Every line from the one with "Delicious Dessert Bread Recipes" up to and including the one with "Encore un peu" is to be output exactly as it appears below; pictures are not.

▸ **Available data**

....................

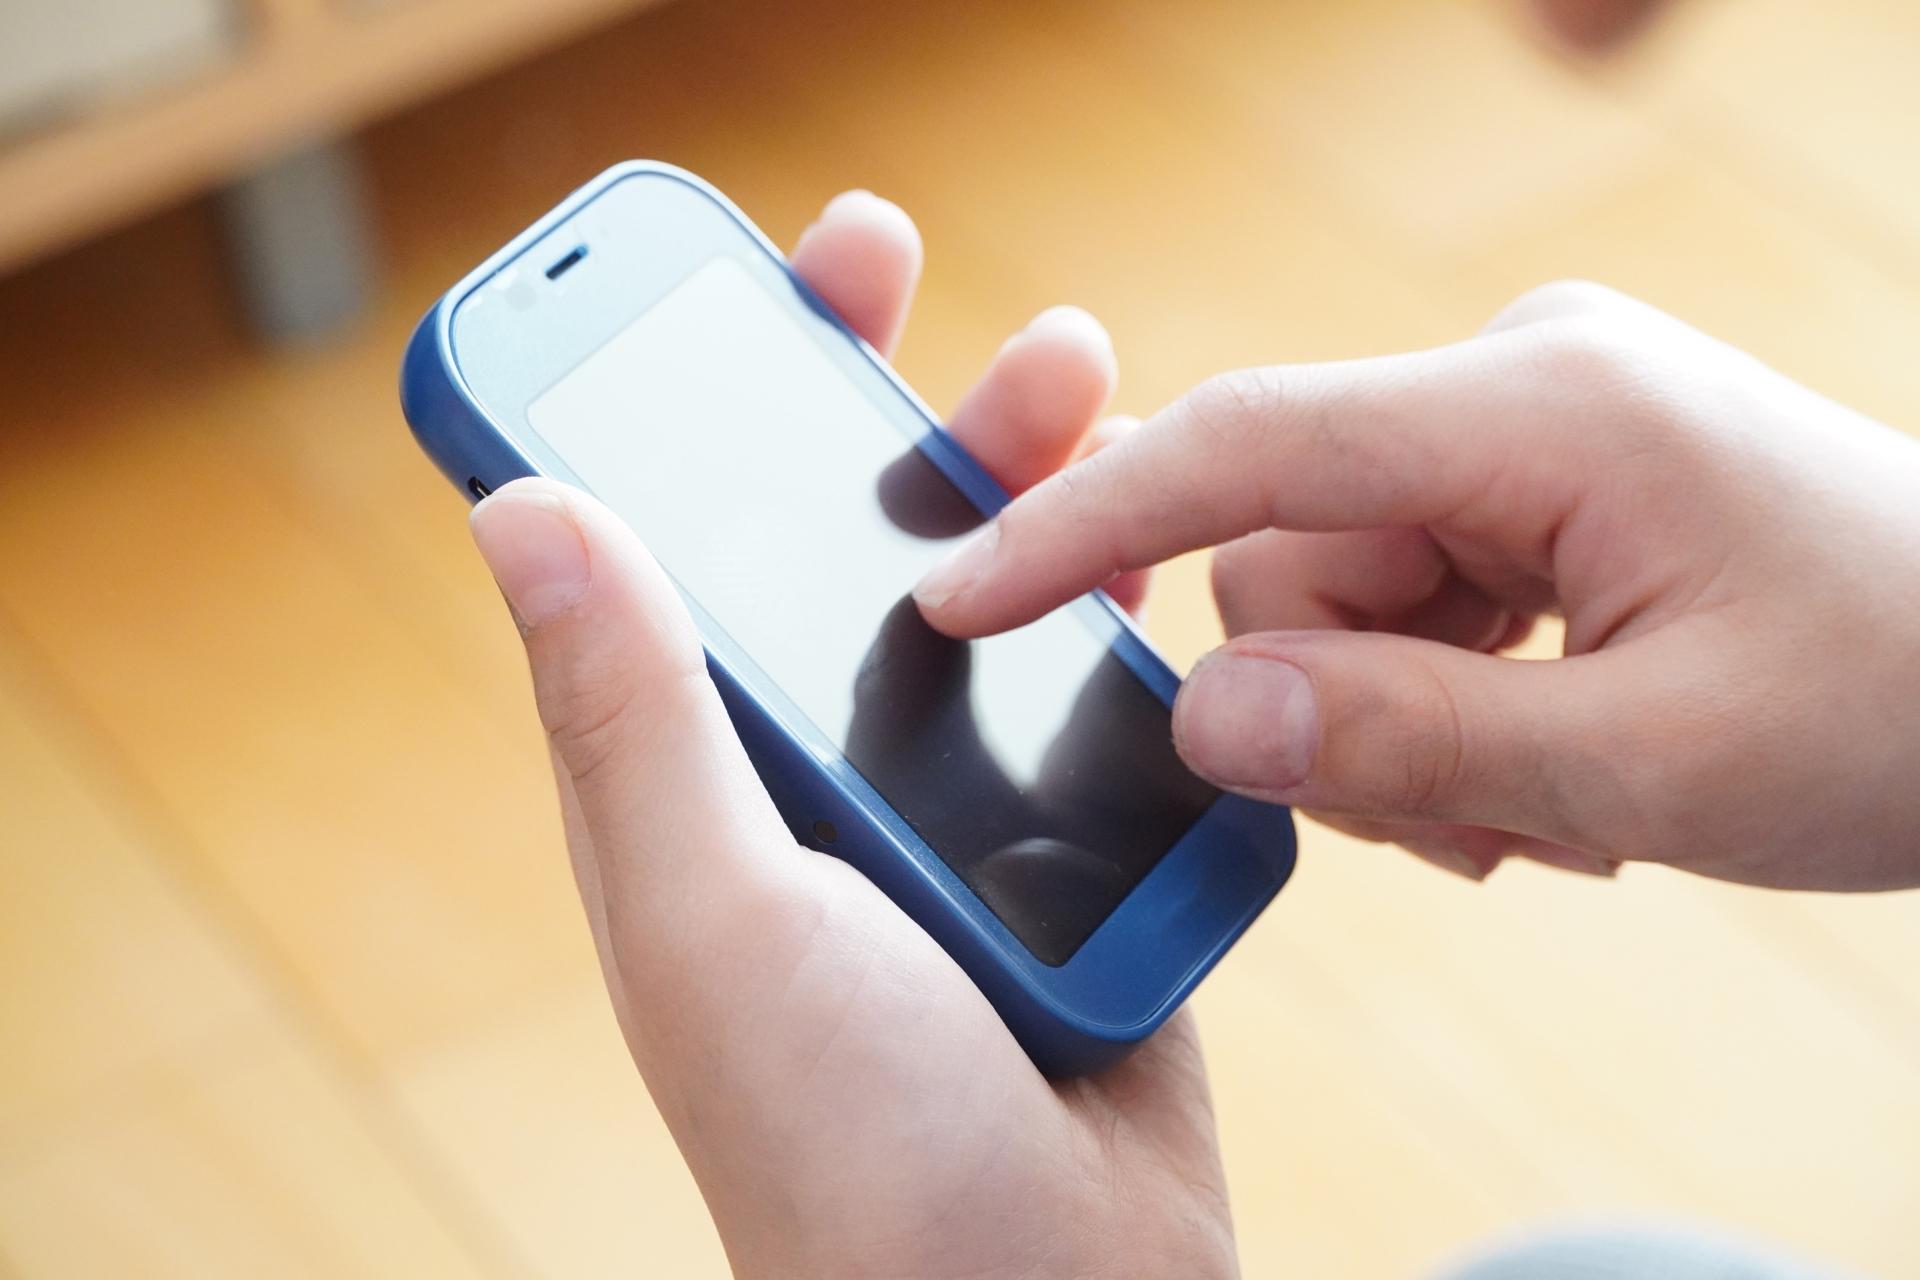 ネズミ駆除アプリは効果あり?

....................

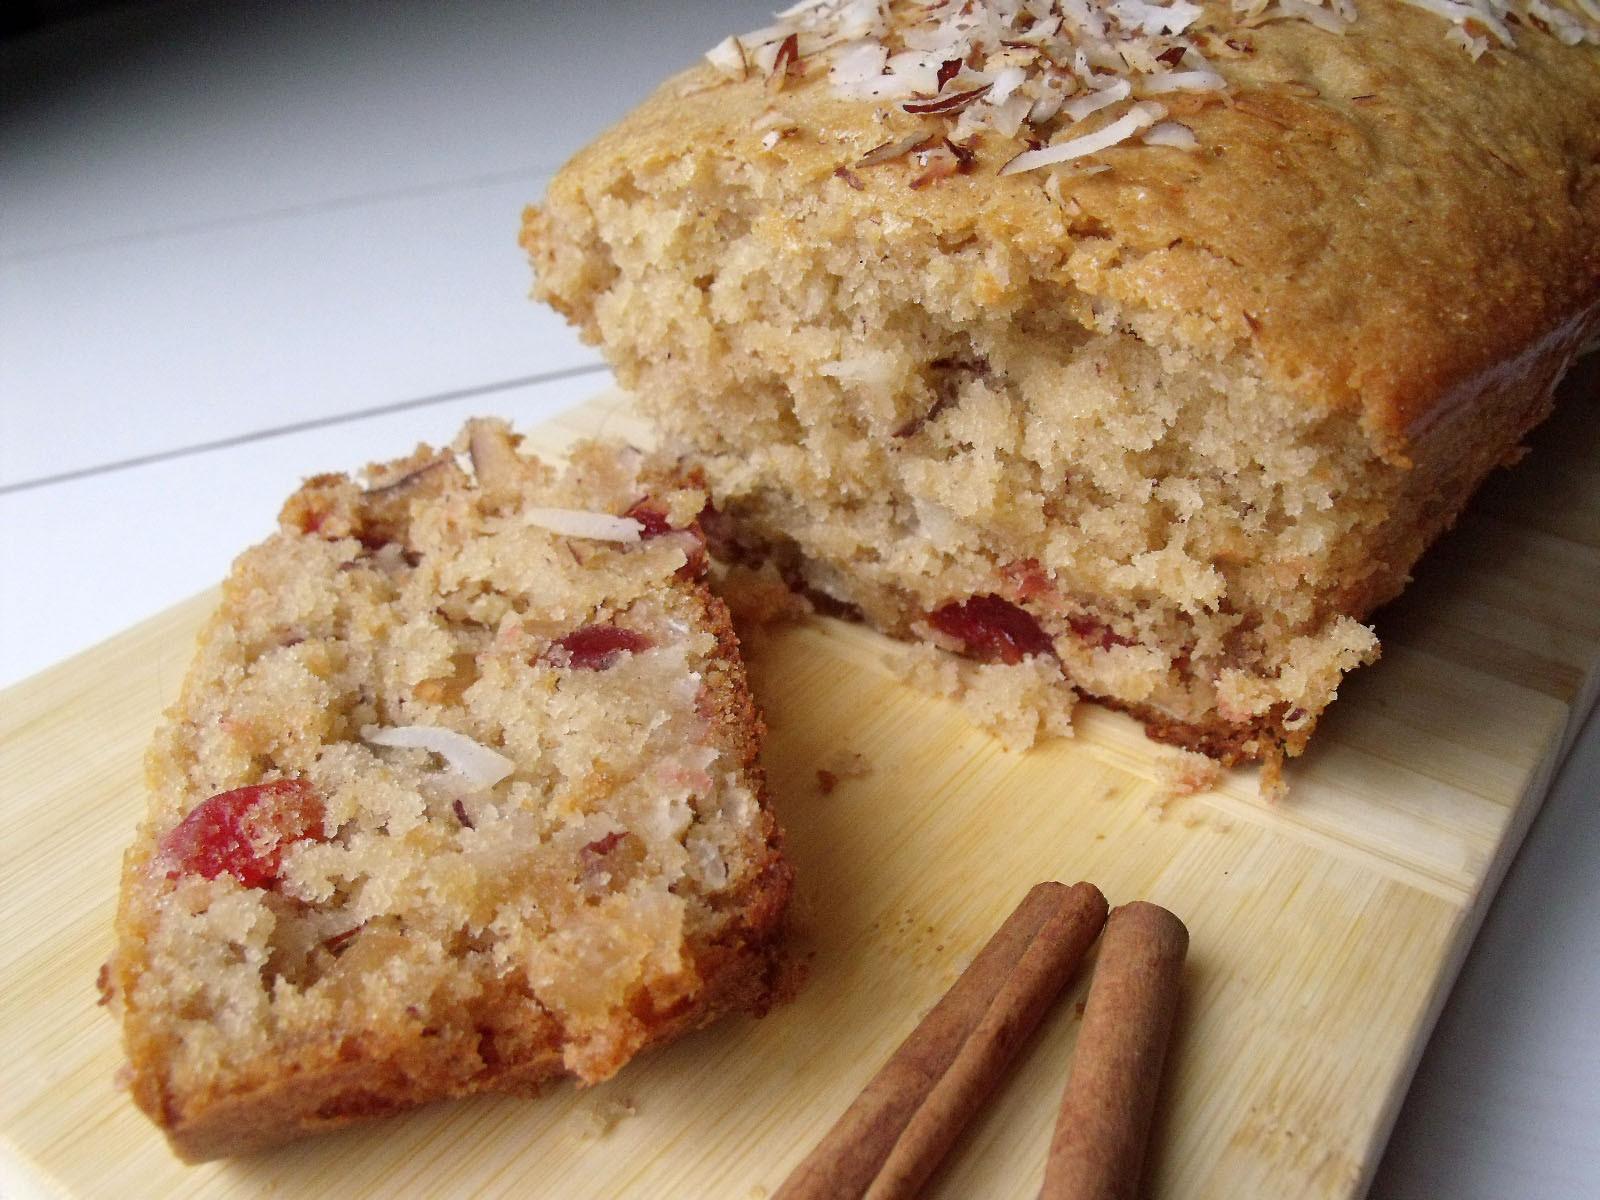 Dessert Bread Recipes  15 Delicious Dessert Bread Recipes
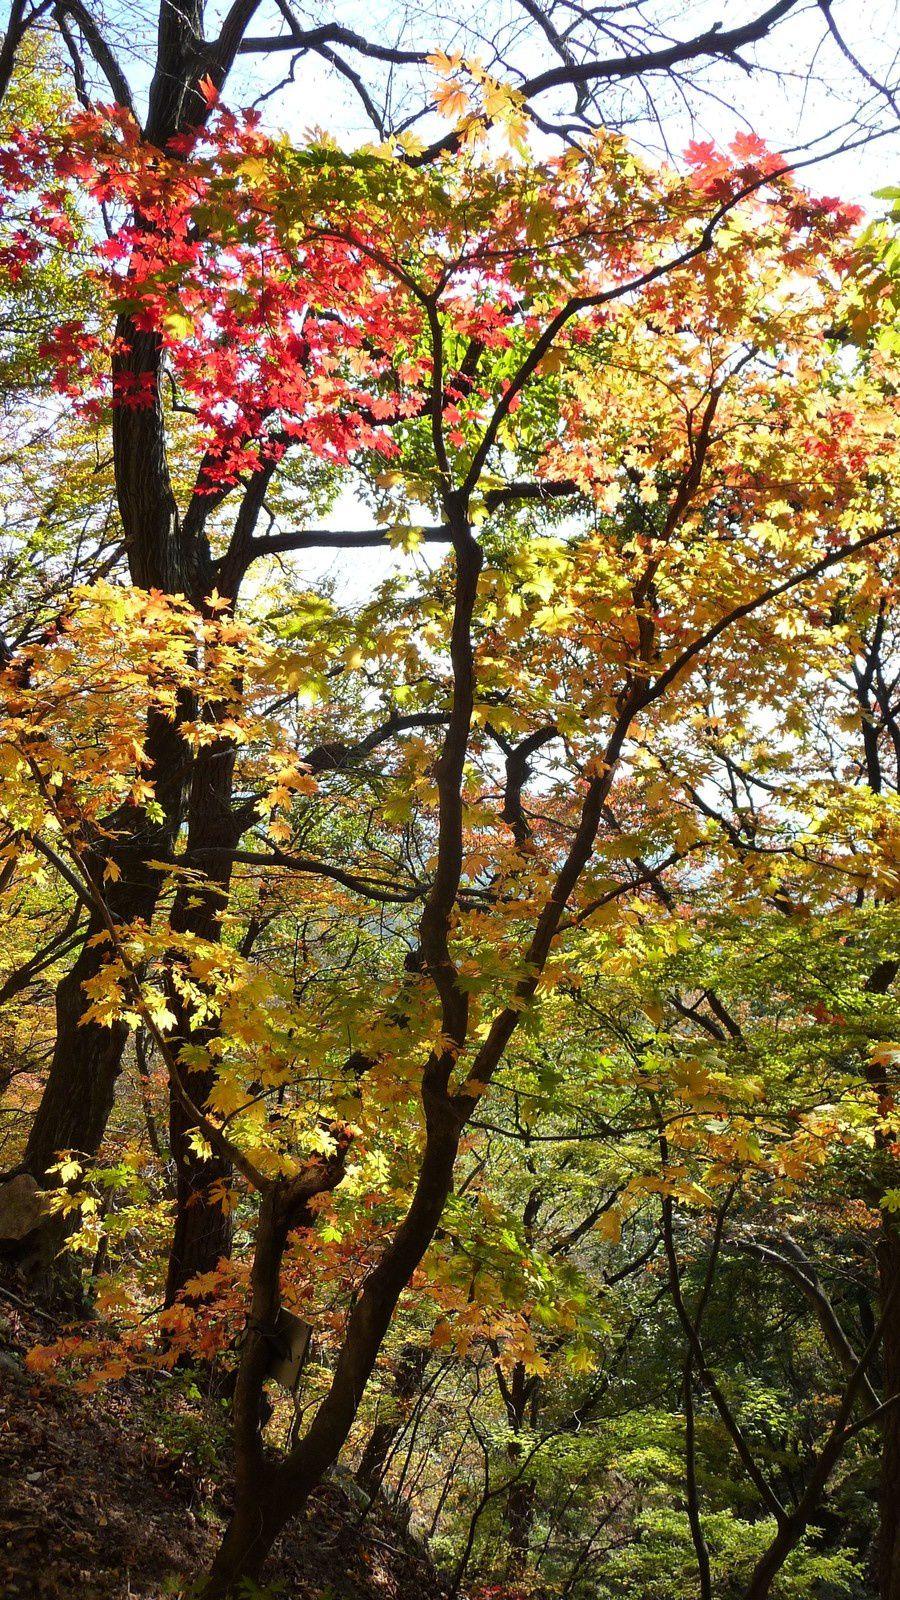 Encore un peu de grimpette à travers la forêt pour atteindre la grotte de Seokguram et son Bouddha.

....................

▸ **Output for this task**
 Dessert Bread Recipes  15 Delicious Dessert Bread Recipes
 Encore un peu de grimpette à travers la forêt pour atteindre la grotte de Seokguram et son Bouddha.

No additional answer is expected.